CDF zone, shown in light green
The CDF zone is in the rainshadow of Vancouver Island and the Olympic Mountains in Washington. Rainstorms that approach from the west hit these mountains first and discharge much of their moisture. Consequently, the summers are warm and dry, and the winters are mild and wet, although drier than most other BC coastal zones. This Mediterranean-type climate creates a unique set of conditions, allowing for a diverse group of plants and animals.
Within the CDF zone, Garry Oak ecosystems occur in sites characterised by particularly shallow, dry and/or rocky soils. Some Garry Oak meadows were also maintained with prescribed fire by First Nations.

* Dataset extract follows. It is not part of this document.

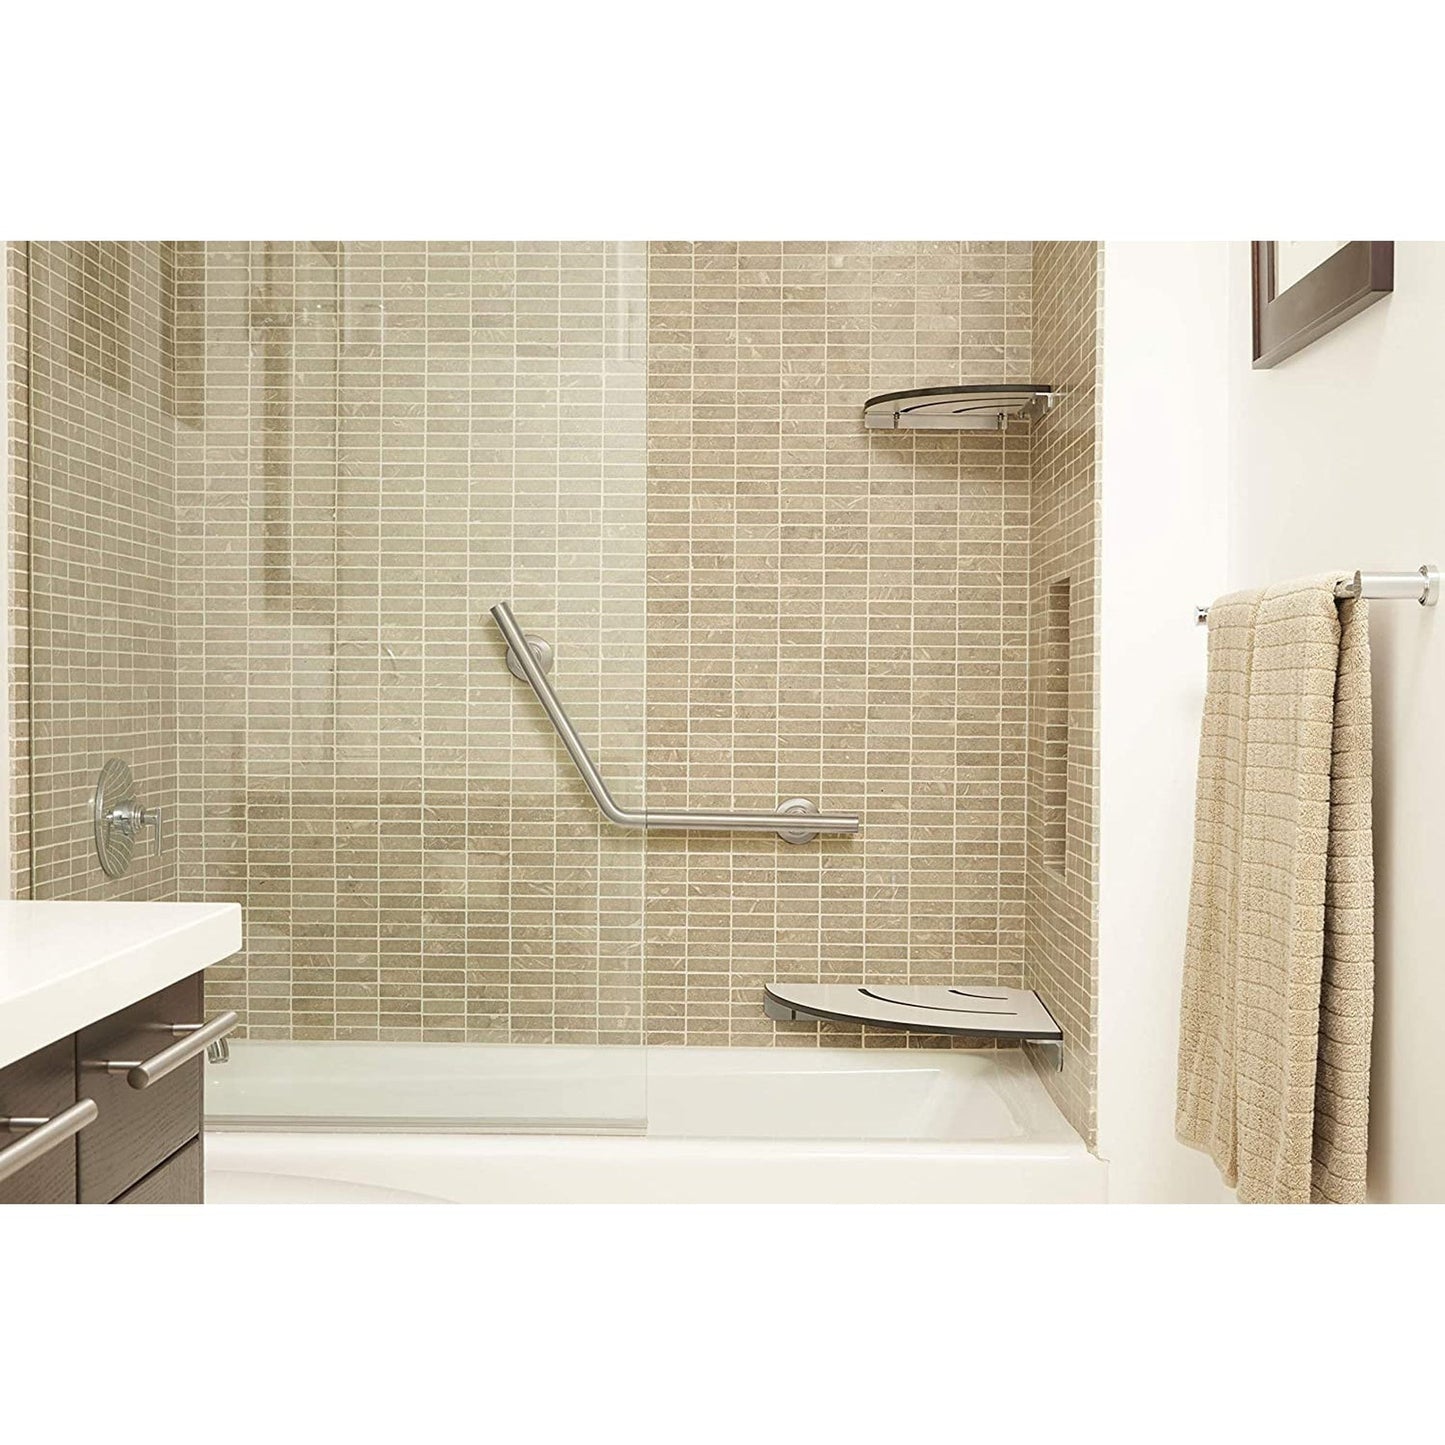 Seachrome Lifestyle and Wellness 12" x 9" Contour Shower Shelf, One-Piece Solid Phenolic Light Gray Stainless Finish

Coastal Douglas-fir ecosystems are among the most imperiled coastal ecosystems. Since they occur along the coast, in regions favoured by people, they were some of the first forest types targeted for logging, and cleared for urban and agricultural development. Today, very few older forest ecosystems remain in the CDF zone, and those that do are highly fragmented. In other words, they exist as isolated “islands” among a landscape altered by human development.